Coltivare la fertilità

Coltivare la fertilità

Un suolo fertile non è solo una miscela di particelle minerali. Al centro della capacità di sostenere la vita vegetale e la produzione agricola c’è un ingrediente chiave: la sostanza organica. Essa conferisce struttura, intrappola e rilascia i nutrienti minerali, trattiene acqua, supporta la vita microbica e la biodiversità del suolo. Mentre nei suoli forestali e nei pascoli il contenuto di sostanza organica può essere molto elevato, fino ad arrivare, in climi freddi o molto umidi, a suoli organici e torbe, nei terreni coltivati con tecniche intensive questo ingrediente tende a ridursi, fino a percentuali inferiori all’1%, a causa dell’asportazione delle biomasse vegetali con il raccolto, delle eccessive lavorazioni e del ricorso a concimi minerali.

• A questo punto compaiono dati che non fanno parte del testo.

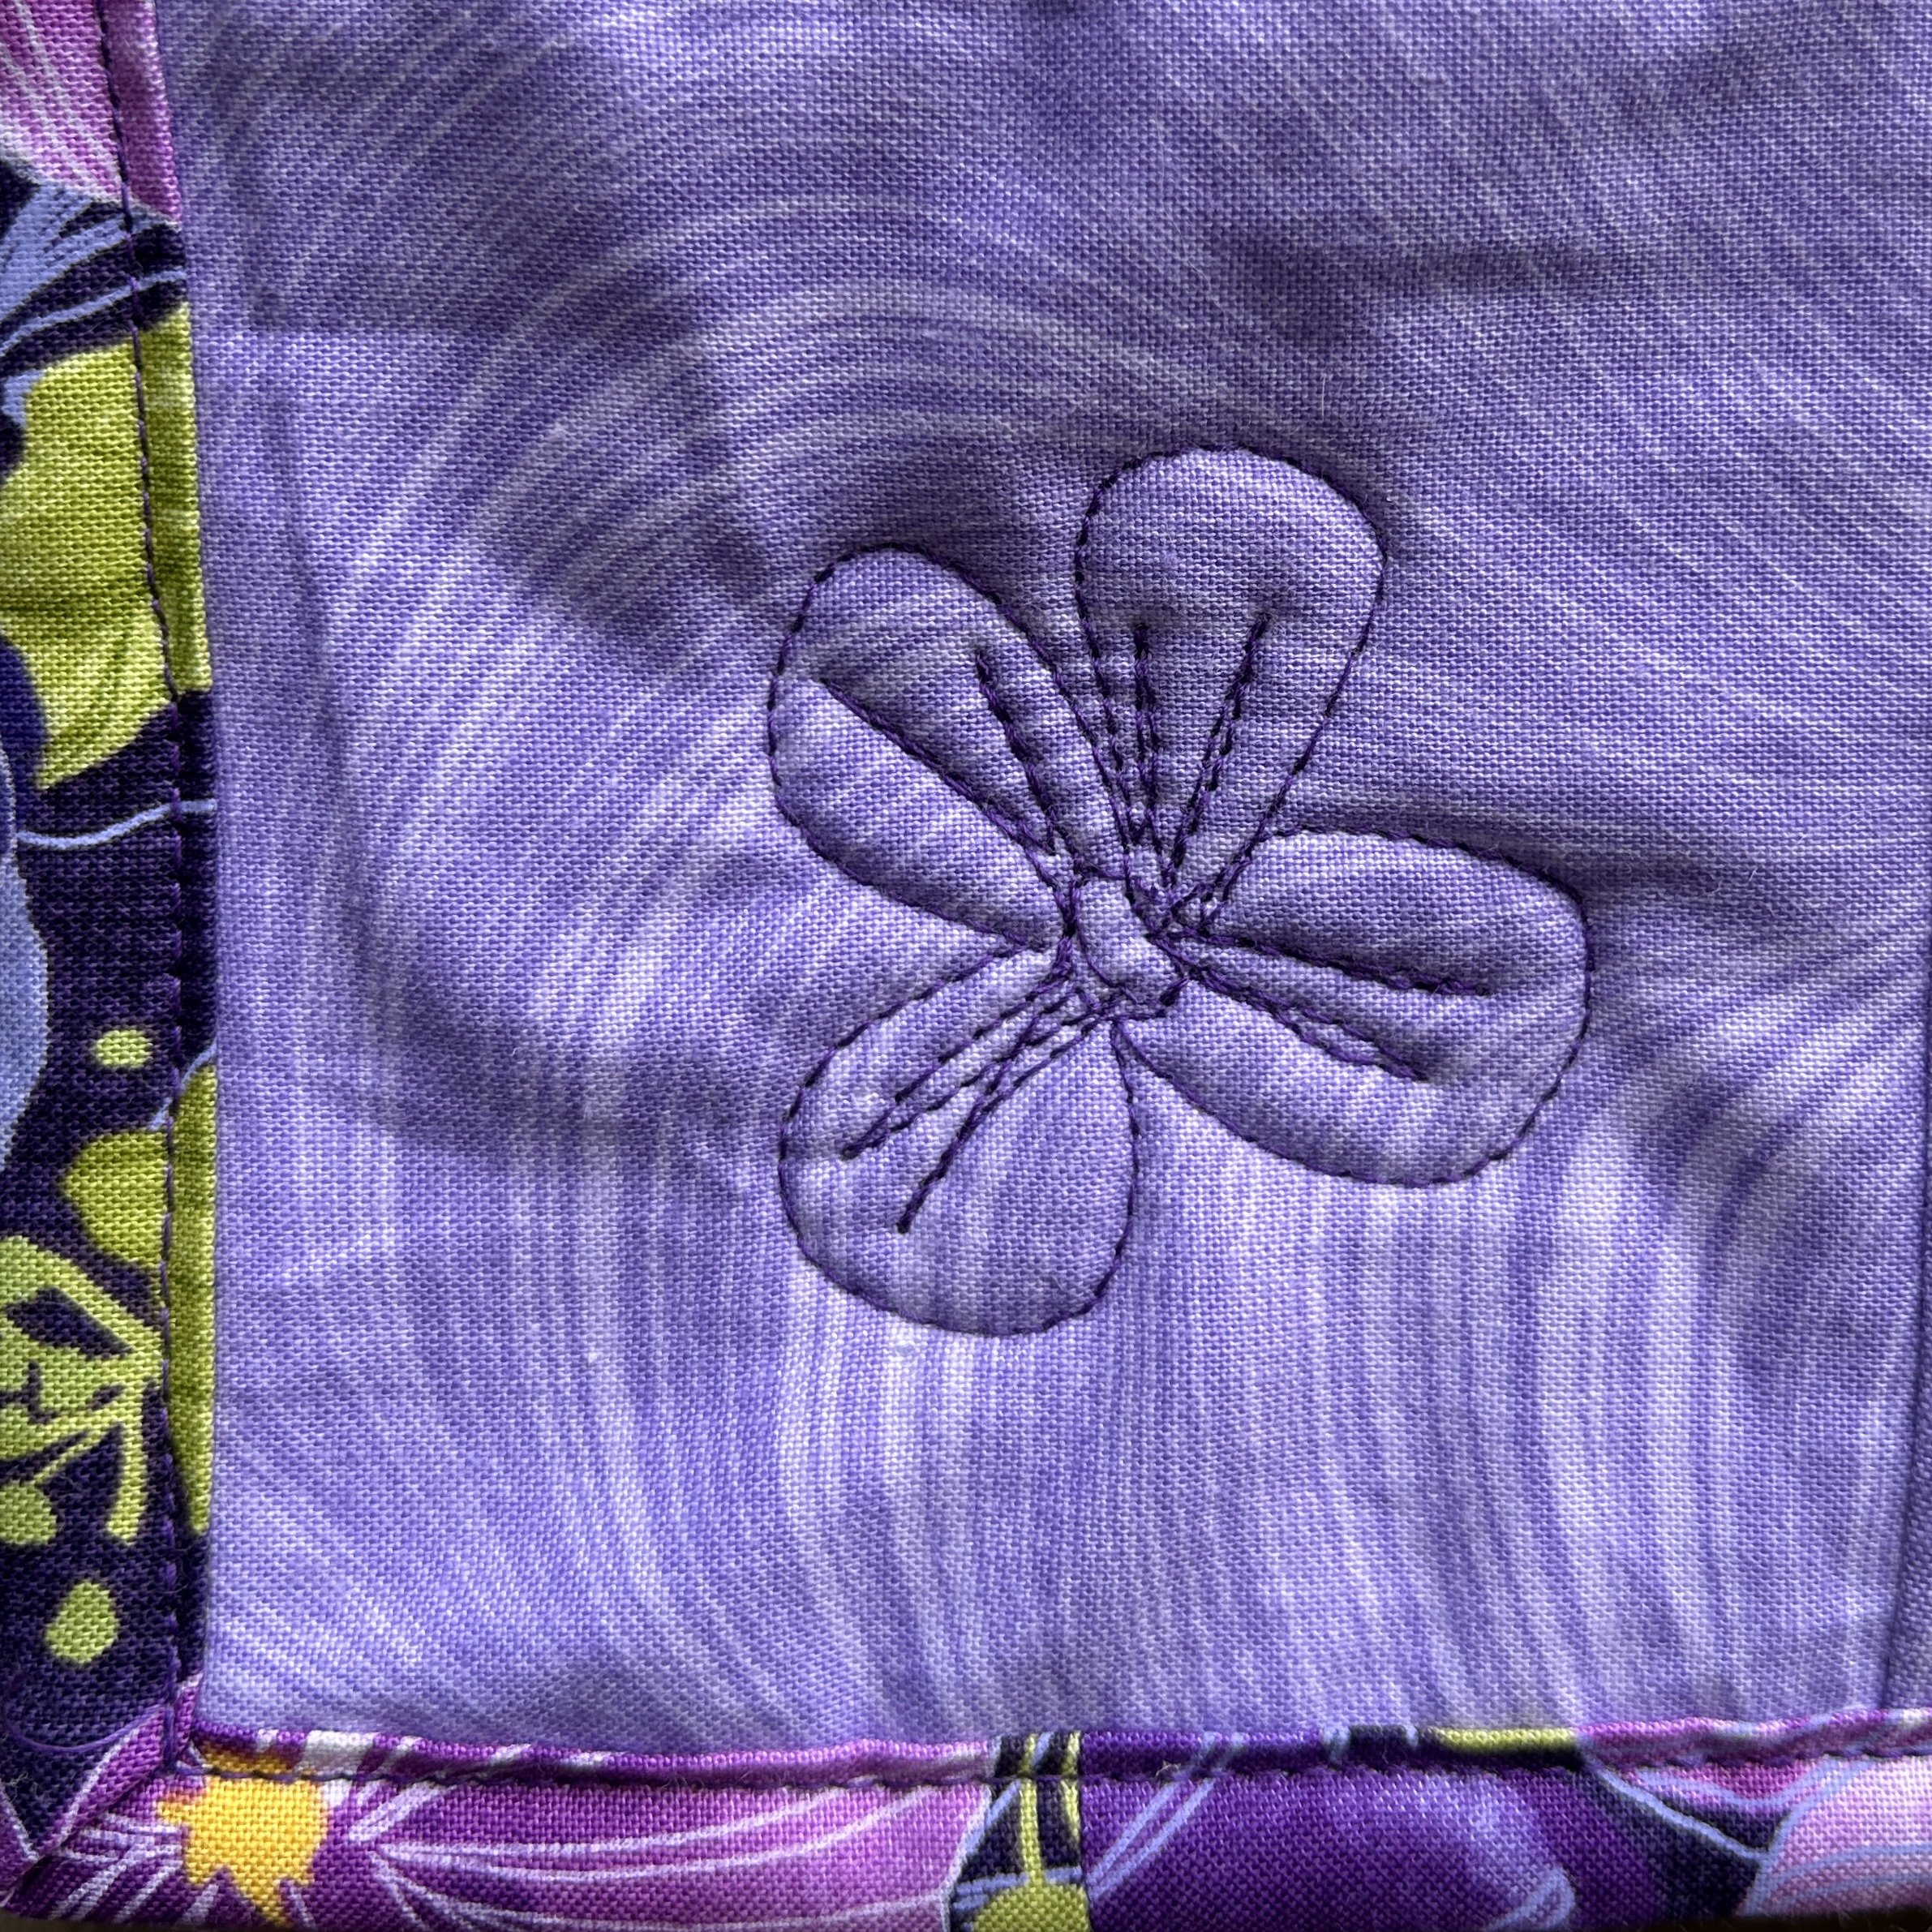 Microbrush - Purple Daisies Quilting

L’agricoltura industriale determina pesanti impatti ambientali, in particolare le perdite di carbonio sotto forma di CO2 e di azoto come N2O concorrono alle emissioni climalteranti. Un suolo povero di sostanza organica perde produttività, per questo occorre aumentare la somministrazione di concimi chimici, che però a lungo andare peggiorano la situazione.

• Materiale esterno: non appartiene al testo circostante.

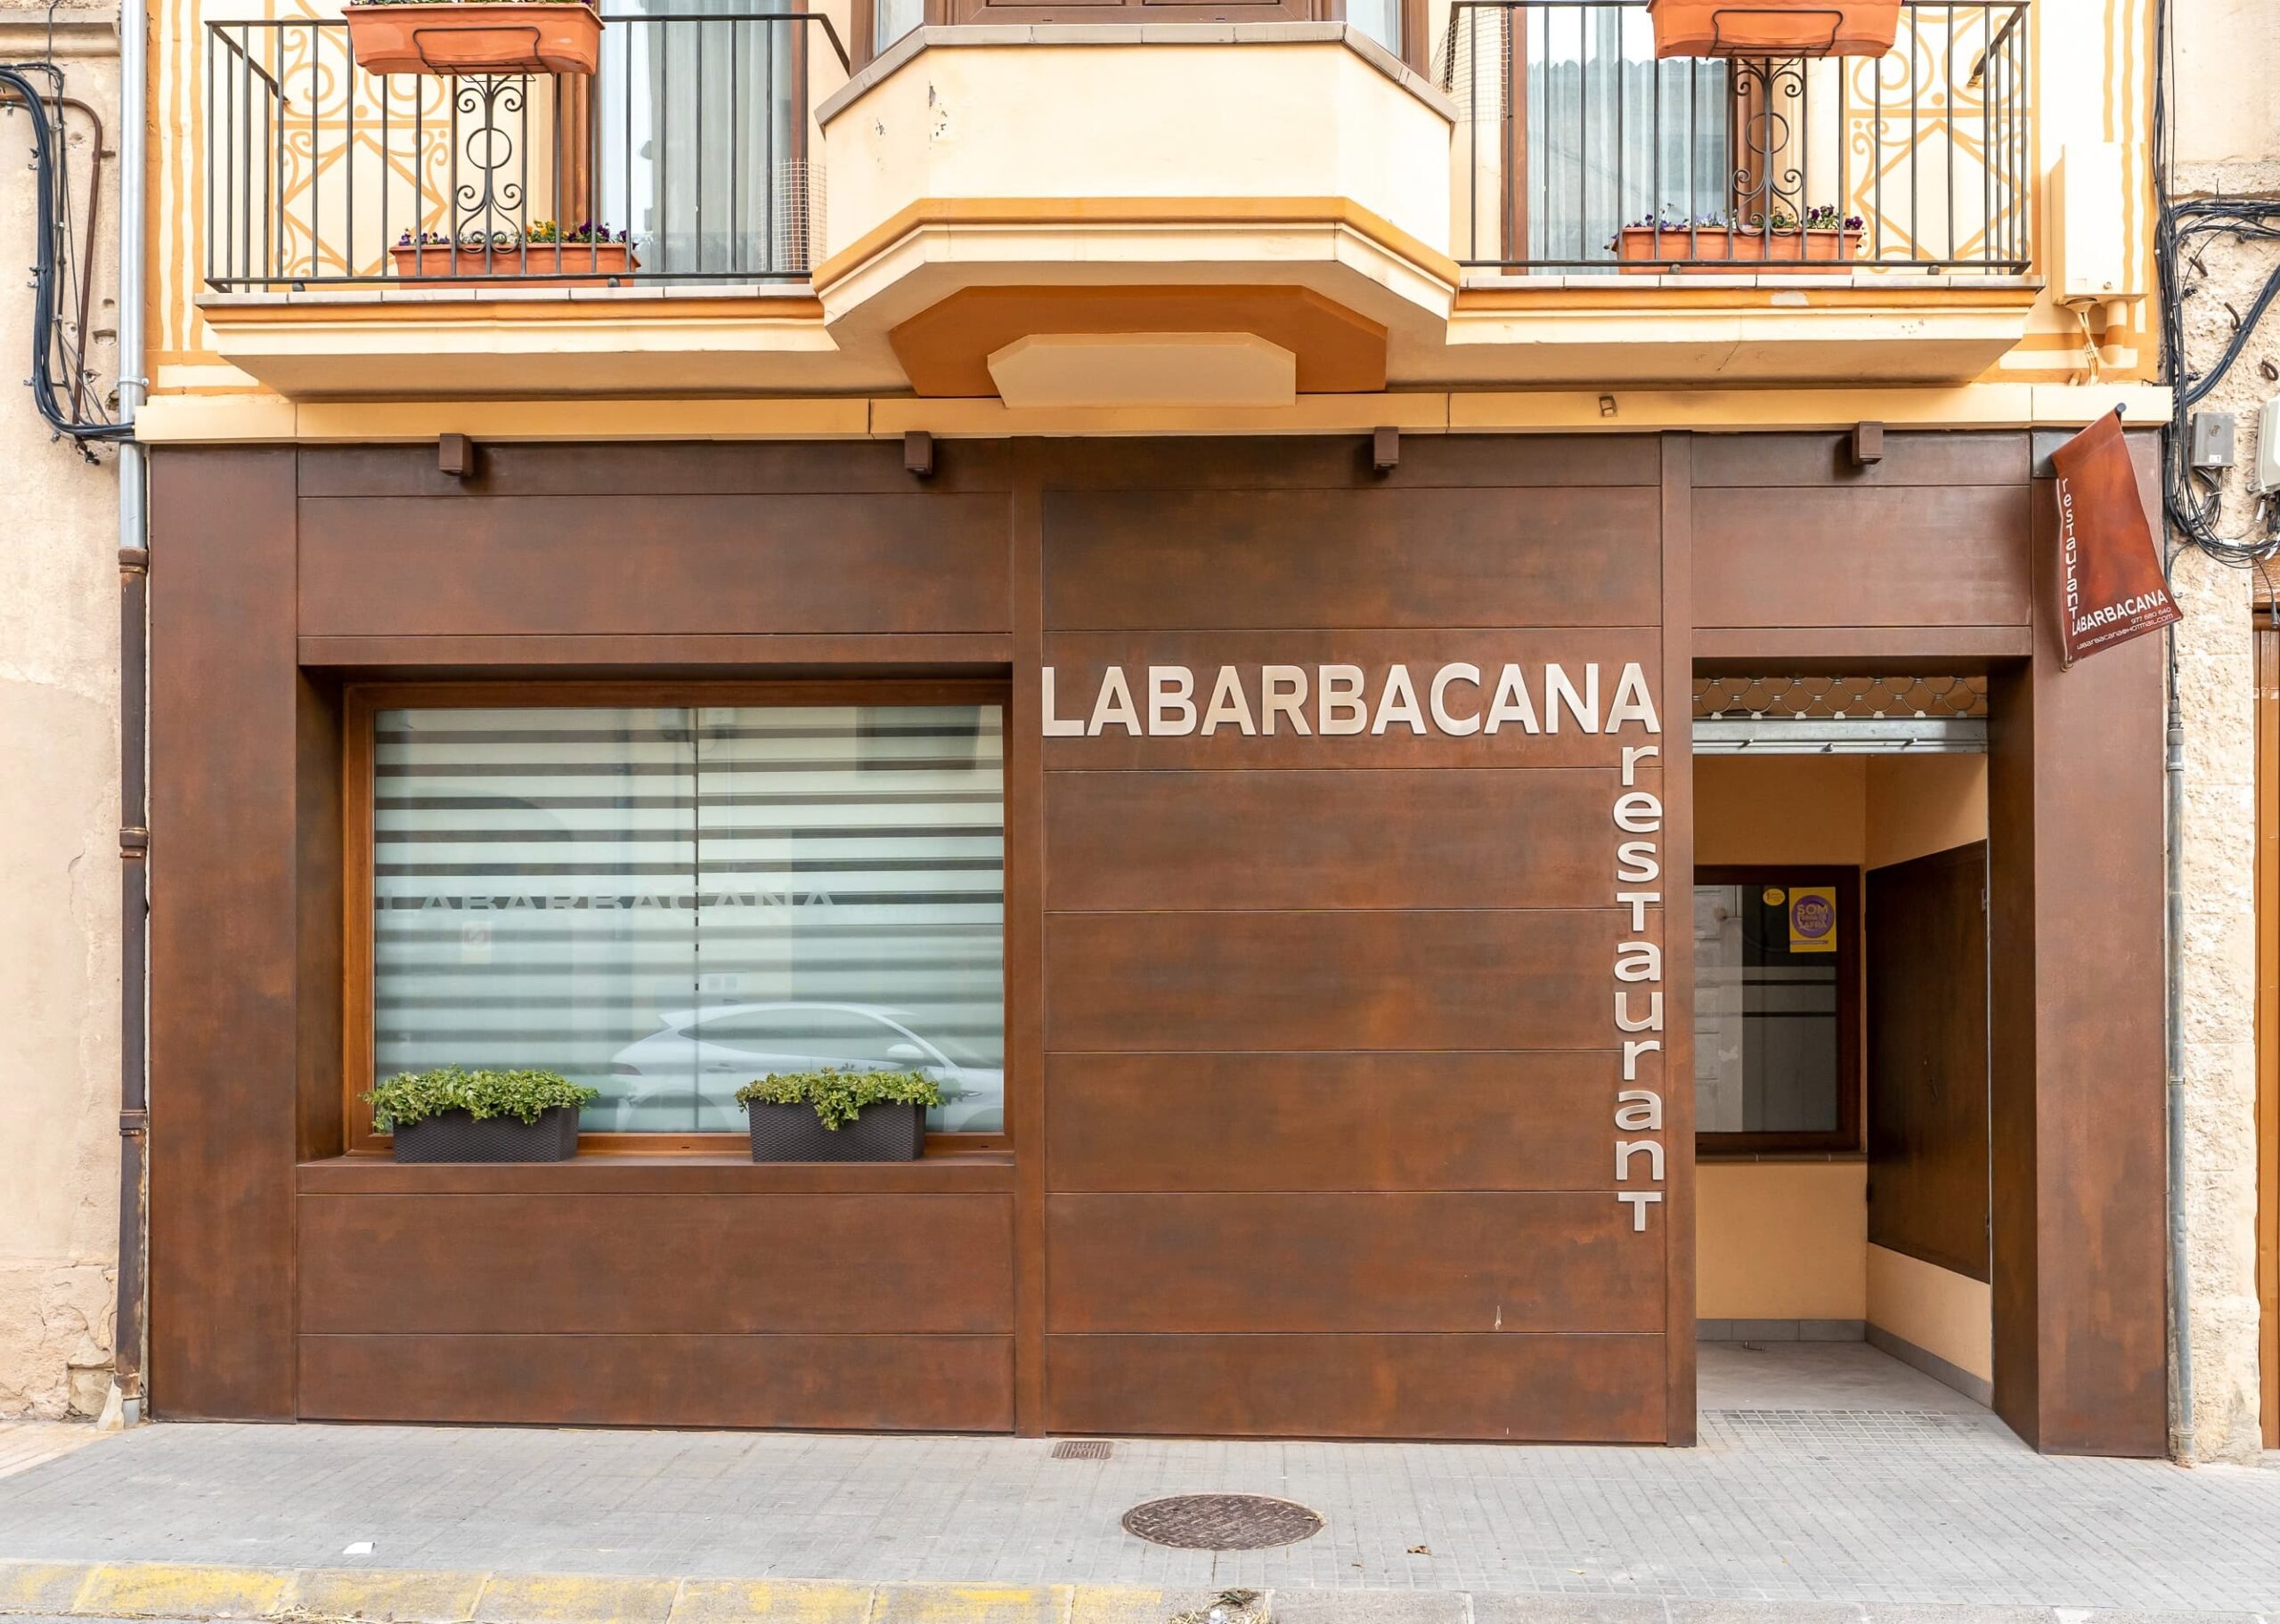 Inversión Inmobiliaria en Santa Coloma de Queralt: Edificio Exclusivo con Restaurante

Nell’agricoltura conservativa l’insieme di tecniche e lavorazioni rispettano la sostanza organica e la vita del suolo. Si fa ricorso a rotazioni e sovesci, all’uso di colture di copertura per evitare di lasciare i terreni scoperti nelle stagioni non produttive, all’uso di fertilizzanti organici (letame, compost, digestati, ecc.), e alla eliminazione delle lavorazioni profonde (semina su sodo). Ripristinare adeguati livelli di sostanza organica e limitare la concimazione chimica permette di conservare la fertilità riducendo i costi energetici di coltivazione, ed ha un’importante conseguenza: i suoli tornano ad accumulare carbonio, sottraendolo all’atmosfera e contribuendo alla lotta al cambiamento climatico.